Things to consider:
1. Ebooks are cheap, small and easy to get a hold of.
2. Readers allow you to listen to music watch movies and work on documents
3. The technology will get cheaper, better looking and smaller
4. Remember all those authors who couldn't get an agent or publisher. They don't need them anymore
5. The new generations want convenience not quality
I say these things because I don't think people really look at the trends enough. Someone brought up the death of the music industry. Yes the industry is dying but I see more and more people with underground music on their Ipods. I've also noticed that nano's and touch's sell pretty well. (FYI I work at a best buy in MI).
Looking at everything across the entire field of electronic media, it's all moving to centralization. What I mean is that within the next few years, the tv, mp3 player, computer and ereader will all be one device or one system. The storage is getting bigger and the technology is getting better. You say you don't know about readers but they are becoming more common. The only reason they aren't out en masse is because they are hard to find in a store.
I can guarantee you that if Best Buy, WalMart and Target all start selling $199.99 Sony Readers and had the electronic bookstore to back them (thanks to google it looks like it might be coming soon) then it won't be long until paper starts getting thin. Especially with studies saying that that emissions from paper publishing outweigh what you get from reader and ebook creation.
If the reader prices keep dropping and the marketing comes next I don't doubt that one day I'll see one in my stores. And trust me, those things will sell so easy during holidays, back to school, on mother's day, father's day, grad presents....etc.
You need to understand it's not just your favorite books.
For a religious person: 2 - 3 versions of a bible or torah or koran...in your pocket.
All your favorite authors works...in your pocket.
All your favorite shows...in your pocket.
Netflix and Blockbuster streams...in your pocket.
Your favorite tunes...in your pocket.
Your novel, manga, biography...wip, guess where....in your pocket.

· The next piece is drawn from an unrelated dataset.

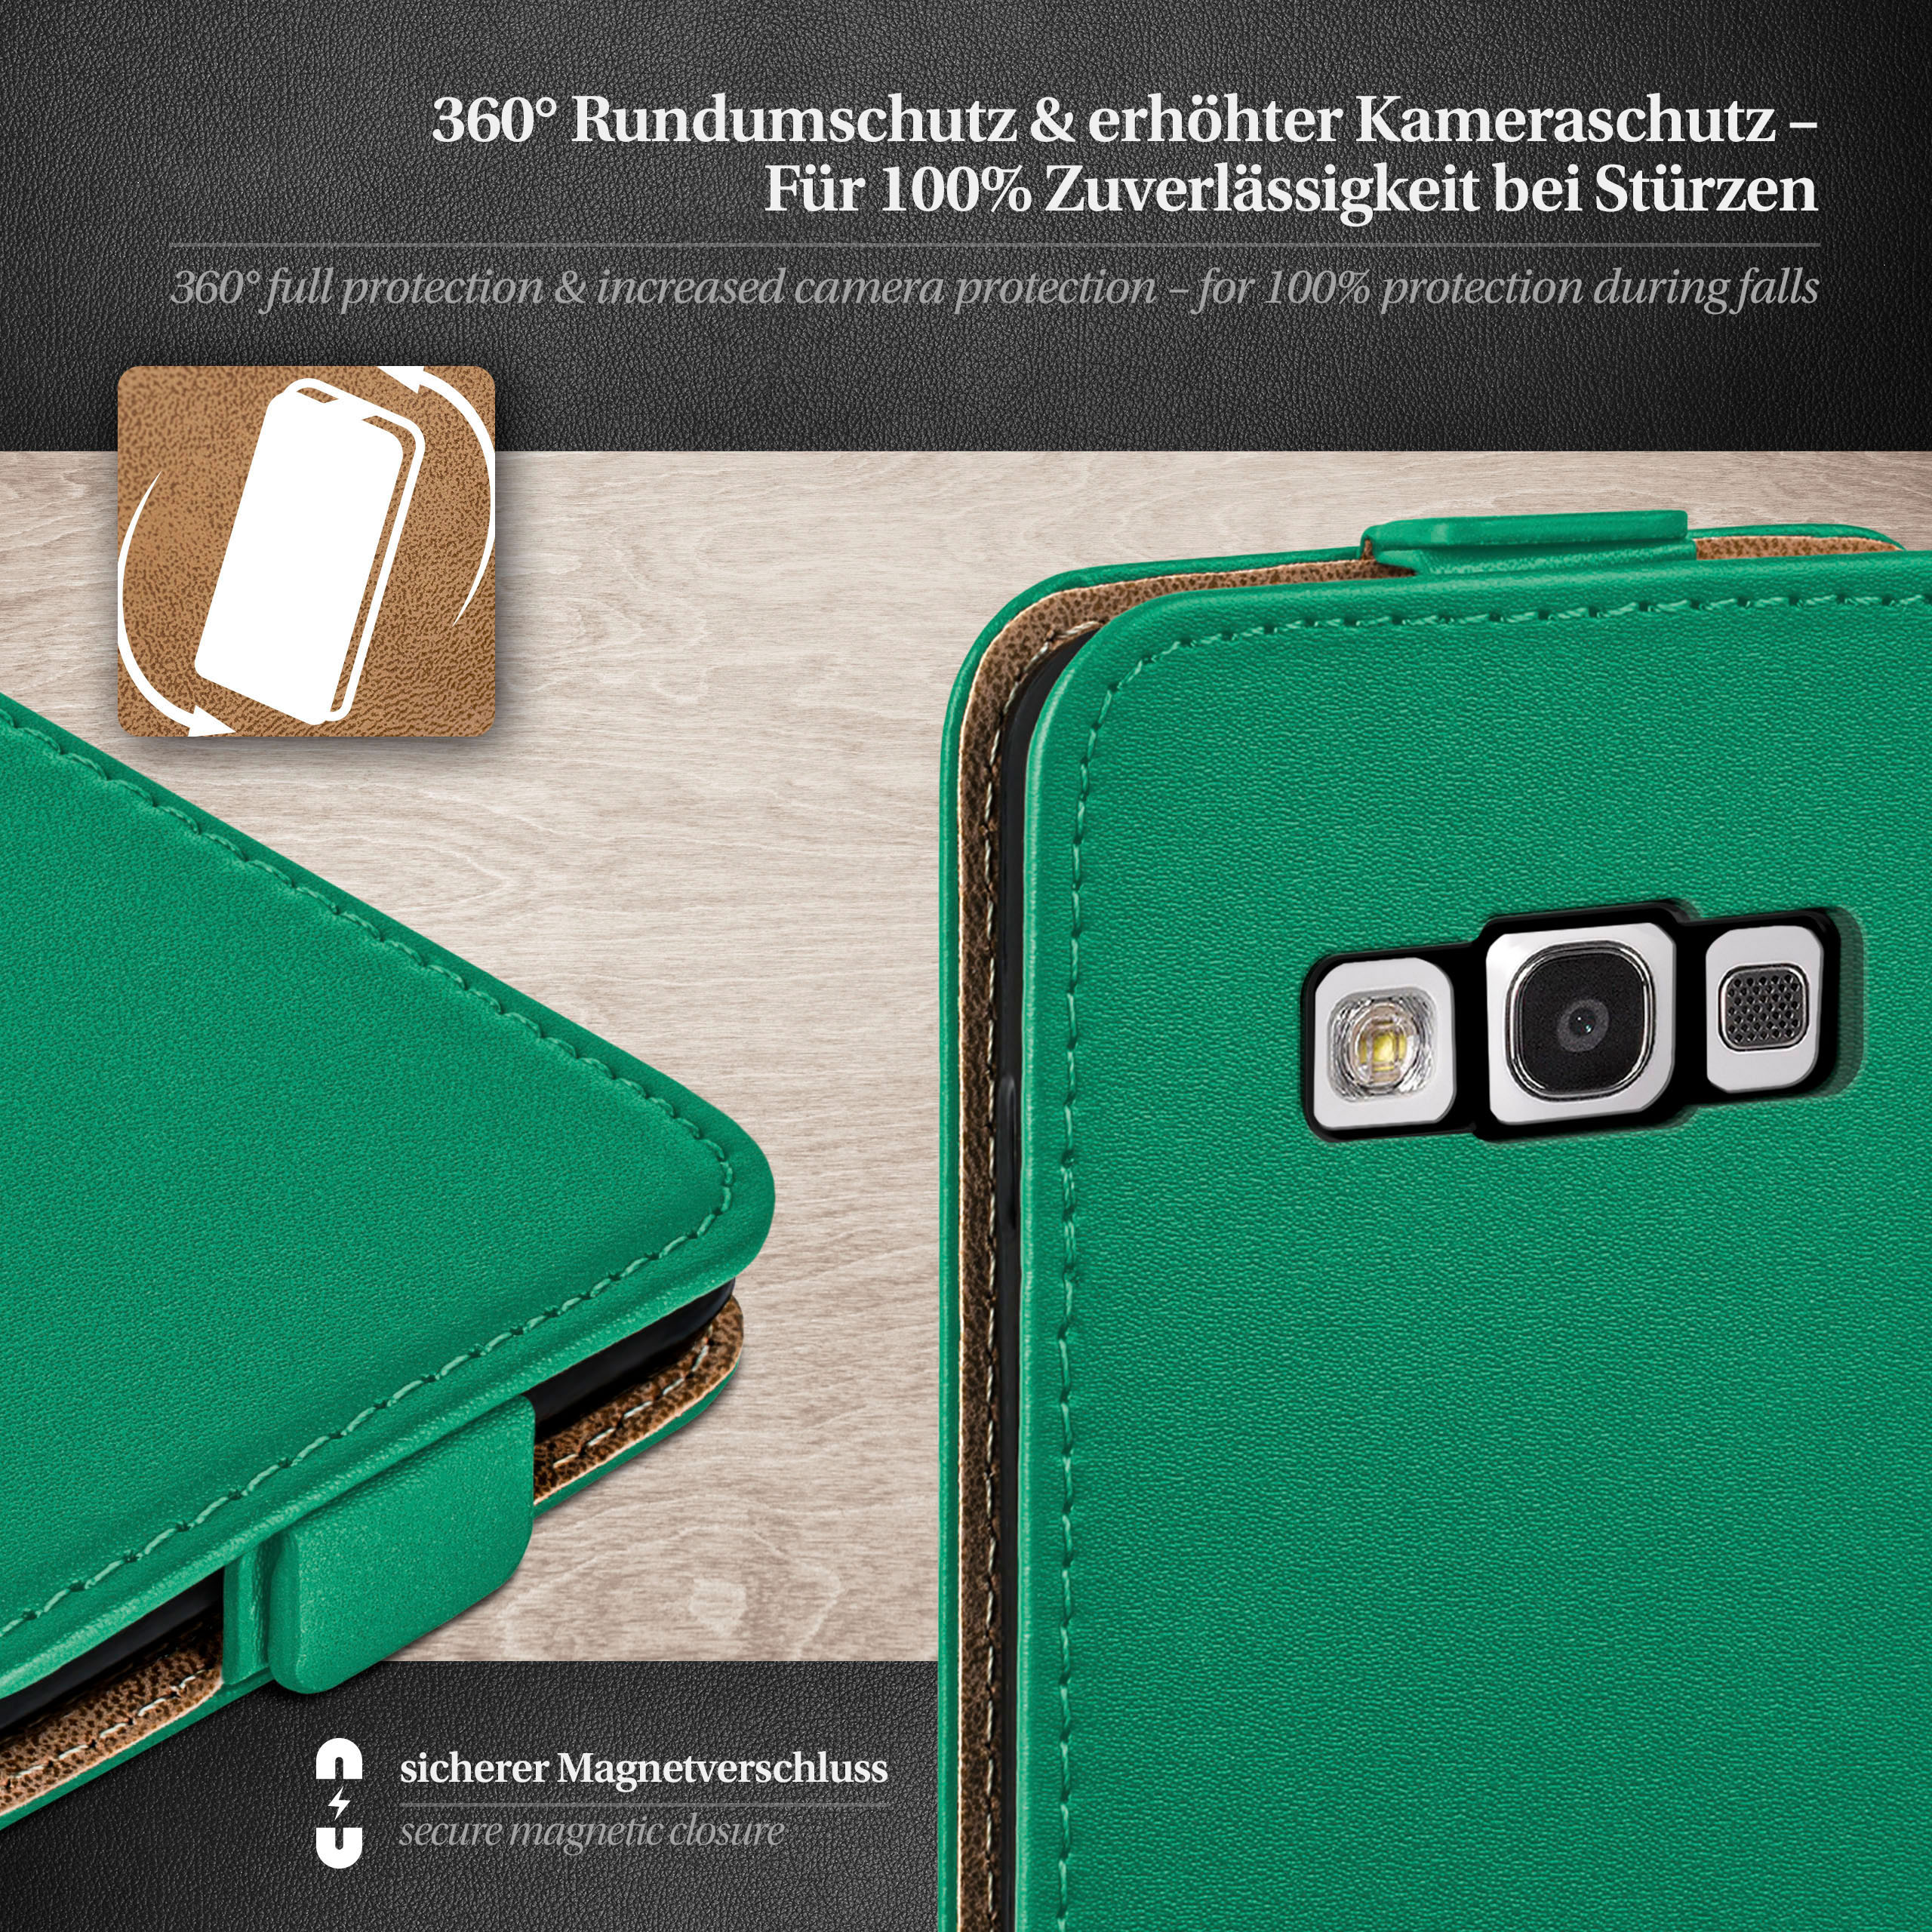 MOEX Flip Galaxy Emerald-Green Cover, Samsung, Neo, Case, / Flip S3 S3
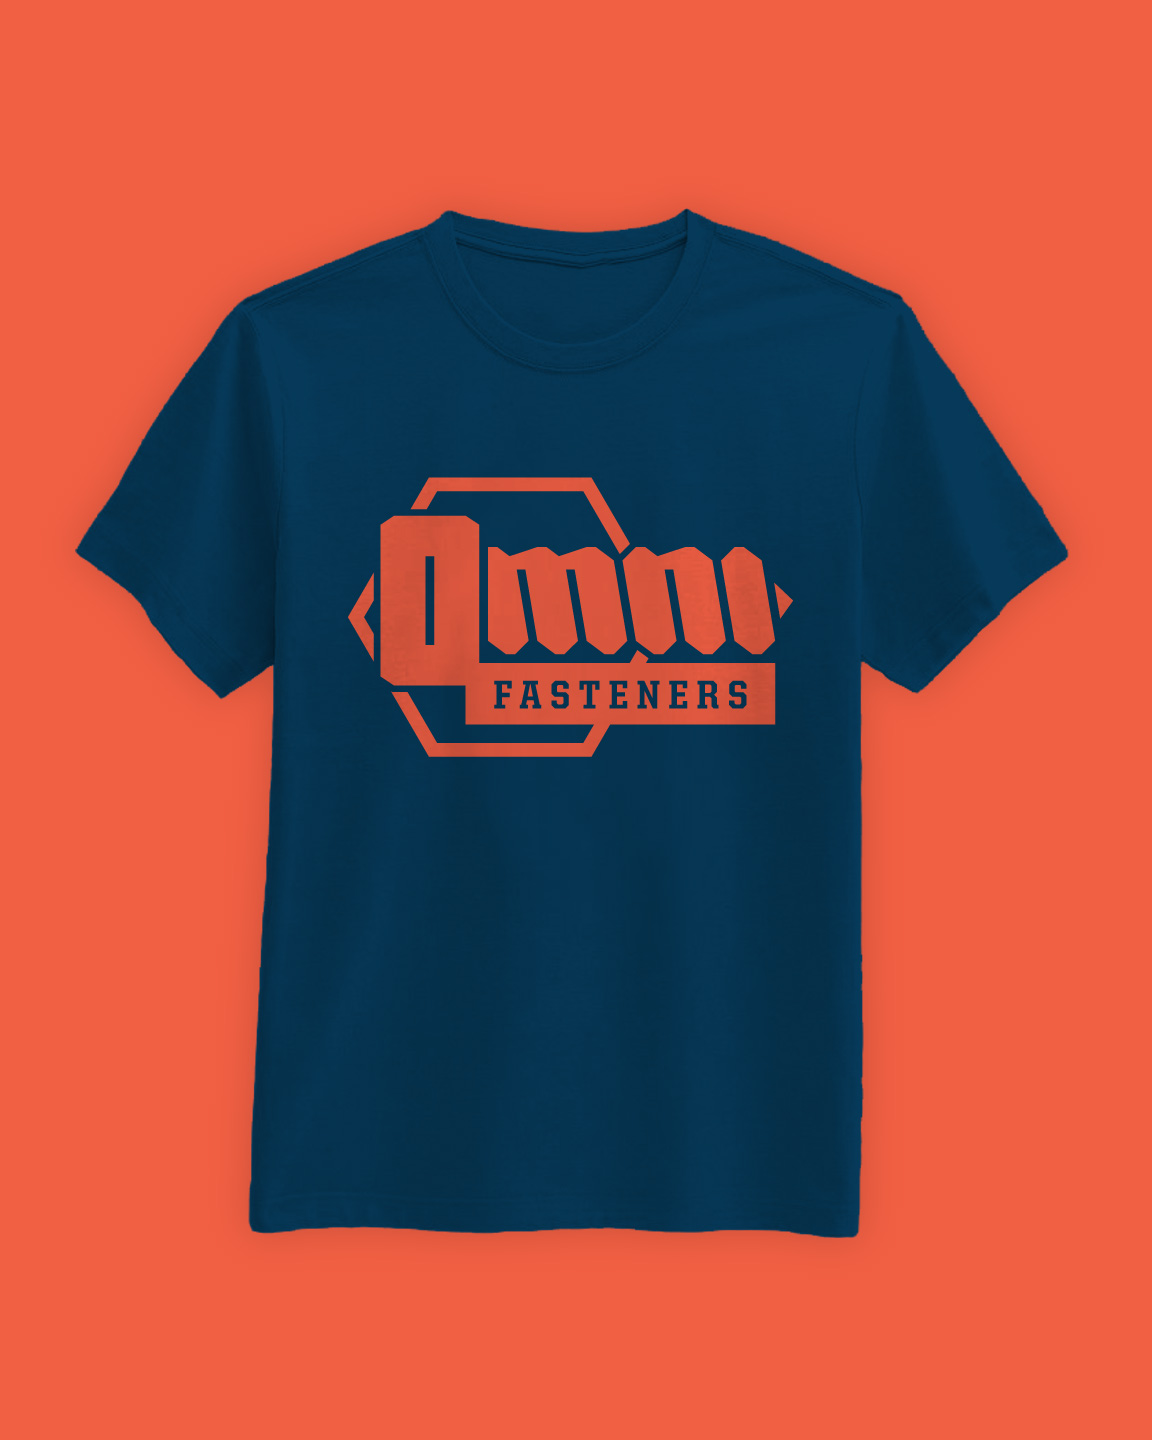 Omni Fasteners t-shirt mockup

And you won't need Sprint, AT&T, Verizon or any other monthly service
All on one device. Can you do that with paper?
And one last thing I want to add...
Most of us grew up with books, bikes, action figures/dolls. A few grew up with computers. I have a 3 yr old and a 4 yr old. Both can use the computer better than their grandparents. The one's who will buy these ereaders are going to be our kids. They'll go to school and college and complain that all their textbooks for the semester will cost them $50 total and we'll shake our heads and tell them how much paper textbooks used to cost.
Even funnier....They will buy readers for us for mother's day, father's day, holidays, etc. They'll buy them for us because they know how much we like to read. They'll show us how to make the font larger so our eyes don't hurt. How we can hook them into our car stereos and let the book use its text to speech feature and read us the story while we drive. How to access the google book store from it because it just needs a wifi connection (and google has nationwide wifi). In short get used to it now or get used to it later. Sooner or later you will have to accept it.
The music industry did (mp3s). The movie industry did (blu-ray & imax). The automotive industry will (electronic & hybrid). Library's have (Wikipedia & google). The publishing industry will.